Question

Let $A = \{x : x \in \mathbb{R}, \, x \text{ is not a positive integer}\}$. Define $f: A \to \mathbb{R}$ as $f(x) = \dfrac{2x}{x-1}$, then $f$ is:

• A. Injective but not surjective
• B. Surjective but not injective
• C. Bijective
• D. Neither injective nor surjective

Hint:

For rational functions of the form \(\frac{ax+b}{cx+d}\), the horizontal asymptote \(y = a/c\) is always excluded from the range. Since the codomain here is \(R\), the exclusion of \(y=2\) immediately proves the function is not surjective.

Answer 1

The Correct Option is A

Step 1: Understanding the Concept:
To determine the nature of the function, we check for injectivity (one-to-one) by seeing if \(f(x_1) = f(x_2)\) implies \(x_1 = x_2\).
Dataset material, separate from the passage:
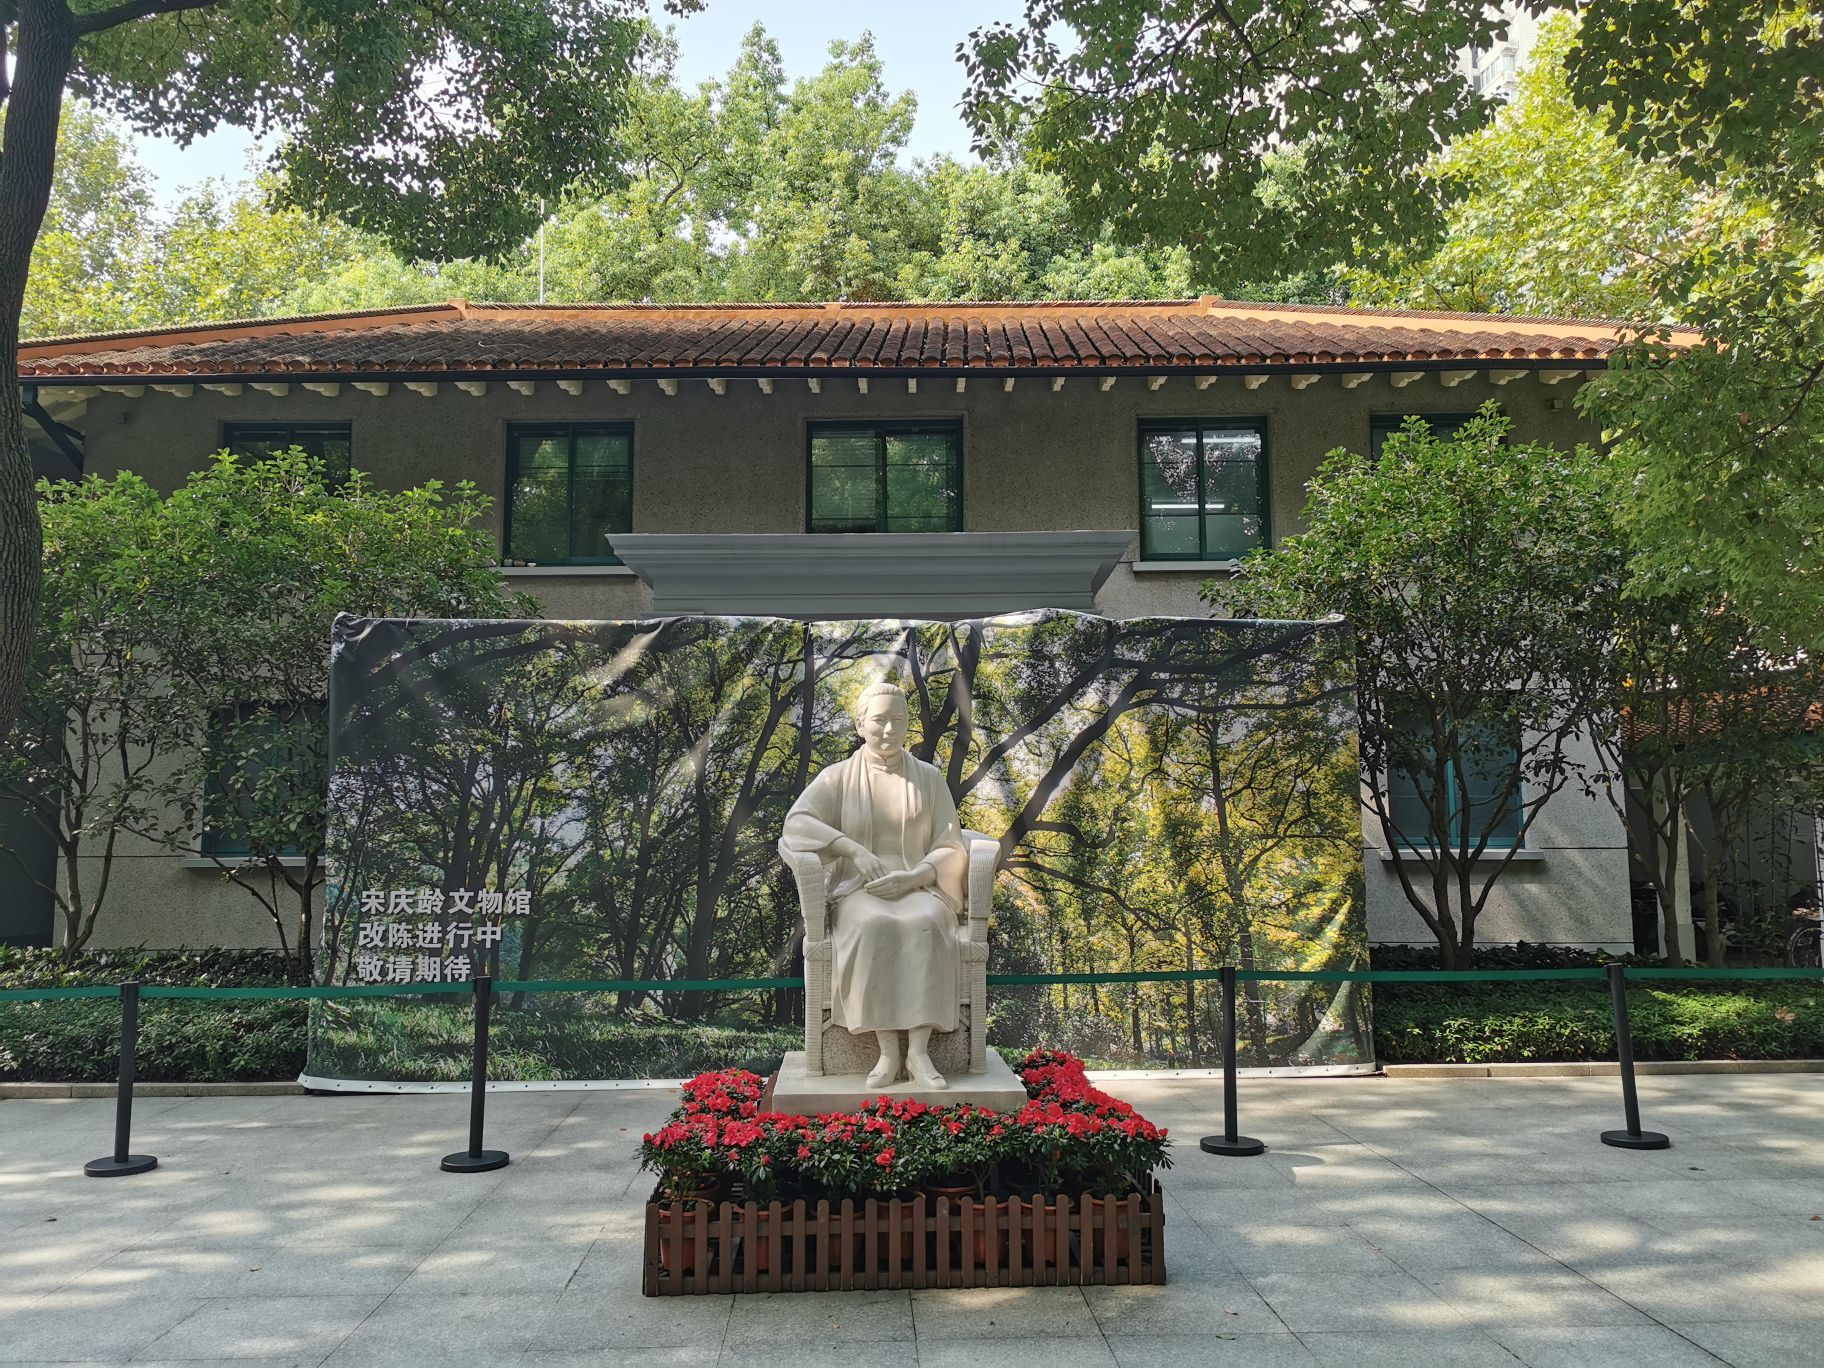 上海宋庆龄故居纪念馆完成修缮恢复开放 - 中国日报网

We check for surjectivity (onto) by determining if the range of the function is equal to the codomain (\(R\)).

Step 2: Detailed Explanation:
1. Injectivity: Assume \(f(x_1) = f(x_2)\): \[ \frac{2x_1}{x_1-1} = \frac{2x_2}{x_2-1} \] \[ 2x_1(x_2-1) = 2x_2(x_1-1) \] \[ x_1x_2 - x_1 = x_2x_1 - x_2 \implies -x_1 = -x_2 \implies x_1 = x_2 \] Thus, the function is Injective. 2. Surjectivity: Let \(y = \frac{2x}{x-1}\). We solve for \(x\) in terms of \(y\): \[ y(x-1) = 2x \implies yx - y = 2x \implies x(y-2) = y \] \[ x = \frac{y}{y-2} \] For \(x\) to be defined, \(y \neq 2\). Additionally, the domain \(A\) excludes positive integers. If we pick a value of \(y\) such that \(x\) results in a positive integer (e.g., if \(y=4\), then \(x = 4/(4-2) = 2\)), that \(y\) has no pre-image in set \(A\). Furthermore, \(y=2\) is never reached because the horizontal asymptote is \(y=2\). Since the range does not cover all of \(R\), it is not surjective.

Step 3: Final Answer
The function is injective but not surjective.